By the end of the experiment the blood was collected for the measurement of :
- Aspartate aminotransferase (AST)
- Creatine phosphokinase (CK-MB)
- Lactate dehydrogenase (LDH)
- Cardiac troponin I (c Tn I)
The hearts of each group was excised for the measurement of:
- Interleukin 1β (IL-1β) concentration, Interleukin 6 (IL-6) concentration and Tumor necrosis factor-alpha (TNFα) levels concentration.
- Level of malondialdehyde (MDA) level , Reduced glutathione (GSH) concentration and Superoxide dismutase (SOD) activity
- Caspase-3 level
- LC3 light chain 3 level
- Myocardial infarct size using triphenyl tetrazolium chloride (TTC) assay.
- Histopathological examination using H&E and Masson’s trichrome staining
The major results of this study clearly revealed that: both doses of TQ significantly attenuated the injurious effects of ISO on the myocardium, the high dose of TQ (50mg/kg/day) was significantly more effective in ameliorating both the myocardial tissue pathological alterations and the serum diagnostic cardiac markers of MI as compared to the lower dose (20mg/kg/day). TQ possesses a cardioprotective effect against ISO-induced MI in rats. the pretreatment of ISO-administered rats with TQ improved cardiac function, reduced myocardial infarct area, minimized cardiac histopathological changes, decreased elevated myocardial tissue levels of markers of oxidative stress, inflammation, apoptosis and fibrosis and increased the reduced myocardial tissue autophagy in the MI model. Integrating altogether the multiple effects of TQ including antioxidant, anti-inflammatory, anti-apoptosis, antifibrotic and autophagy enhancer effects may explain the marked cardioprotection observed, in the present study, in the TQ-pretreated ISO- administered rats as compared to the saline-pretreated ISO-administered control rats.
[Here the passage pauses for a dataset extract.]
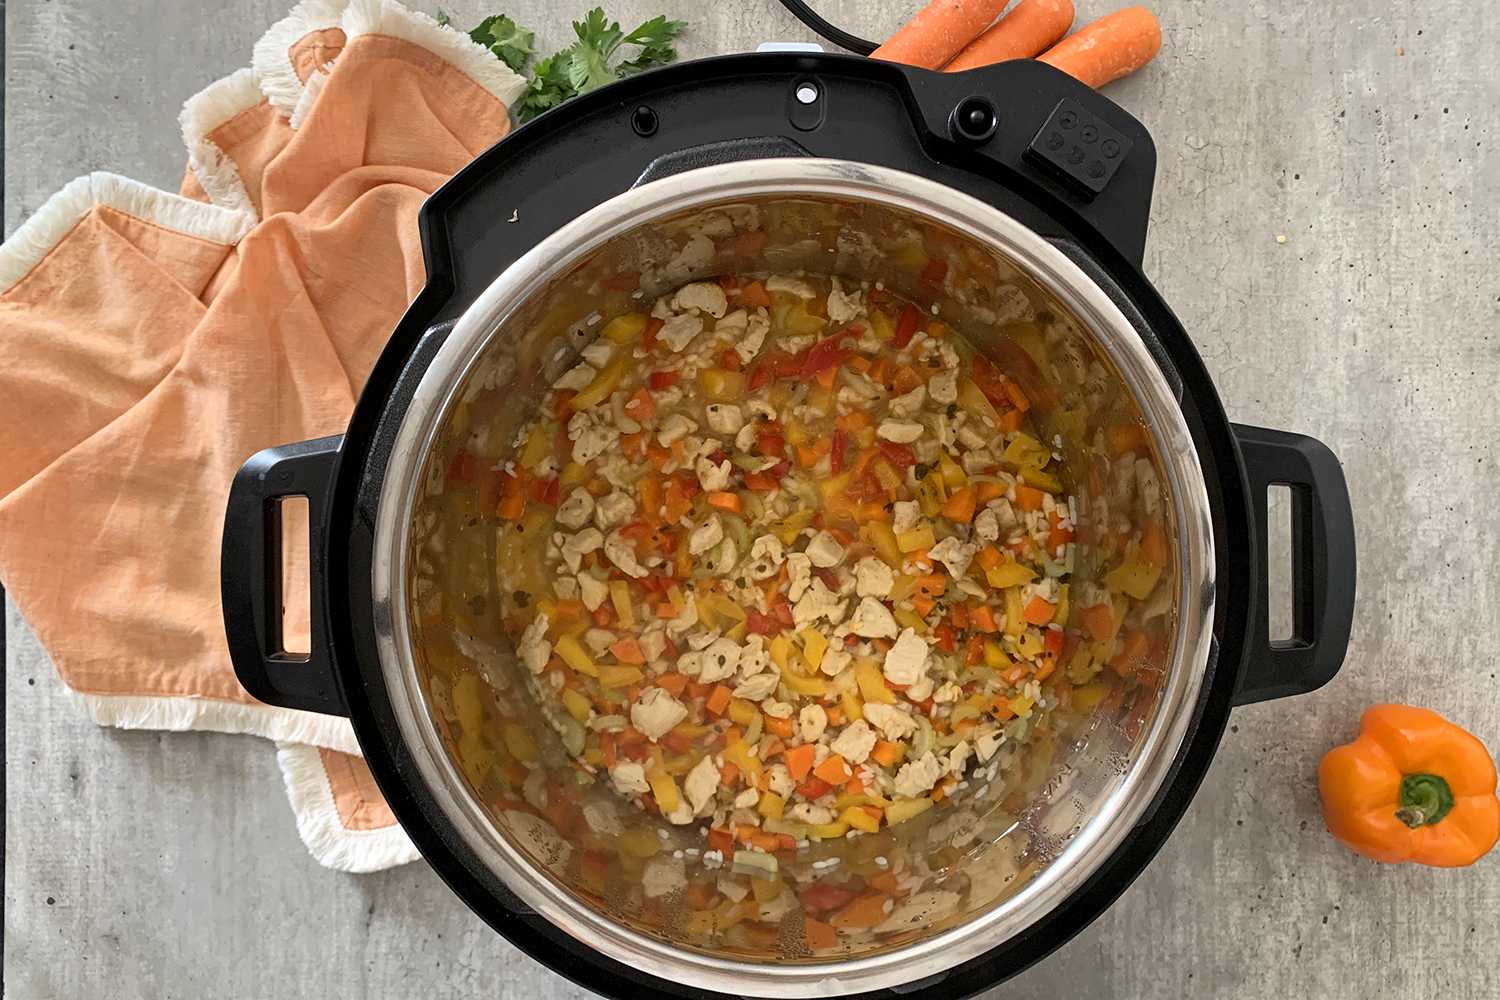 The Whole Family Will Love This Fast and Filling Instant Pot Chicken Stew
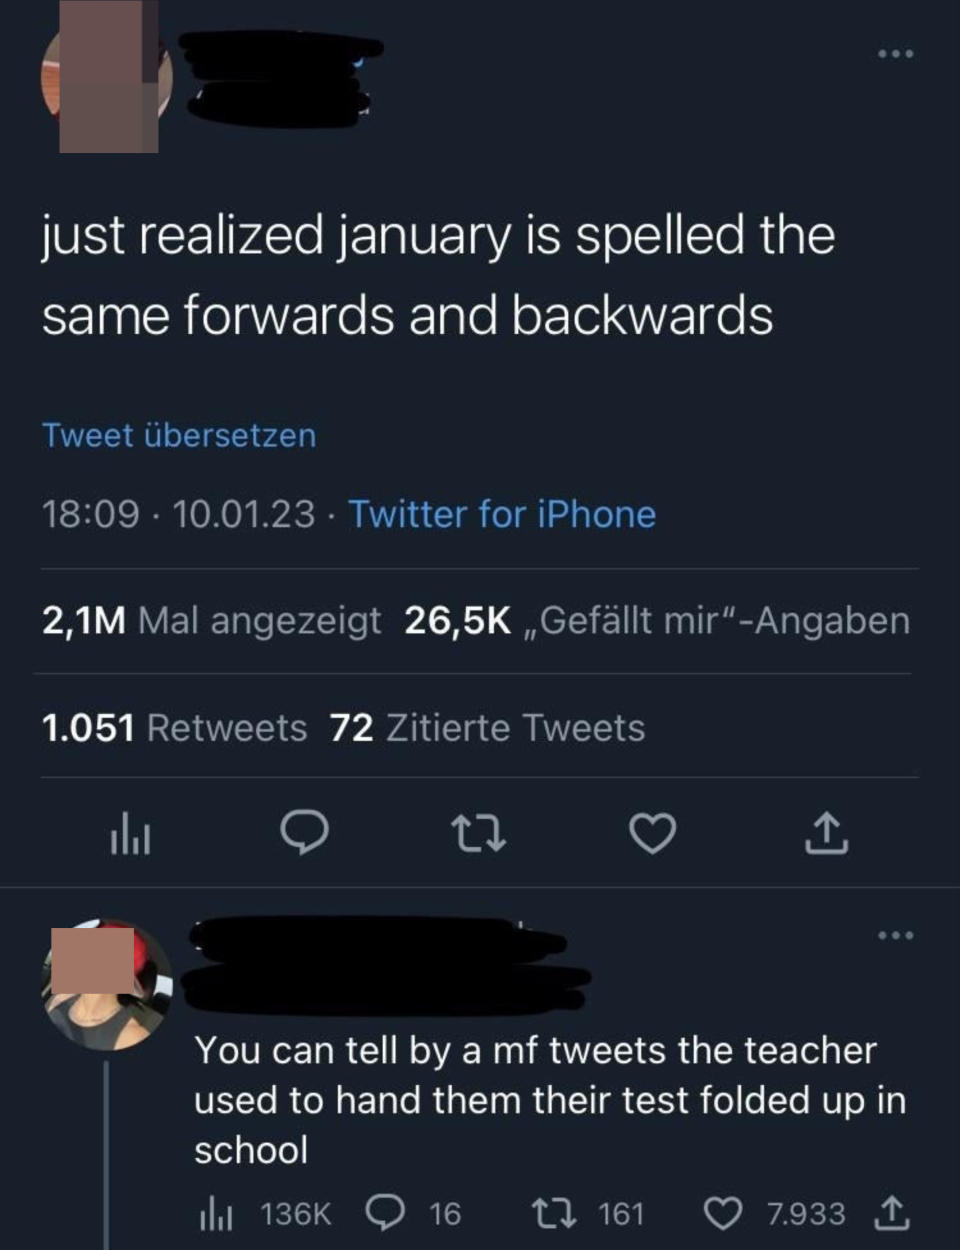 Someone says "just realized january is spelled the same forwards and backwards" and gets told "You can tell by a mf tweets the teacher used to hand back test test folded up in school"

There are several new and important insights regarding the efficacy of TQ in cardioprotection against MI, a constantly growing medical and social burden in developed and underdeveloped countries despite significant advances in diagnosis and therapy. First, this study, for the first time, reports the dose dependent cardioprotective effects of TQ in experimentally-induced MI in rats. The changes induced by ISO- administration were ameliorated with TQ pre- and co-treatment in both doses with significantly more obvious amelioration in the high dose (50 mg/kg/day) as compared to the low dose ( 20mg/kg/day). Second, this study, for the first time, demonstrates that treatment with TQ in a high dose could increase the myocardial baseline GSH level adding in direct antioxidant effect to its direct scavenging effect of free radicals, third, TQ exerts antifibrotic effect reducing myocardial fibrosis in the ISO-induced MI model in rats. Fourth, TQ acts as autophagy enhancer modulating the impaired autophagy in the setting of acute MI to prevent further damage from occurring in myocardial cells with subsequent worsening of cardiac function. Further investigations are required for the findings of our study to raise the possibility that TQ may act as a novel promising prophylactic therapy for patients who are at risk of developing MI and to provide cardioprotection against the progression of existent infarction in diagnosed cases.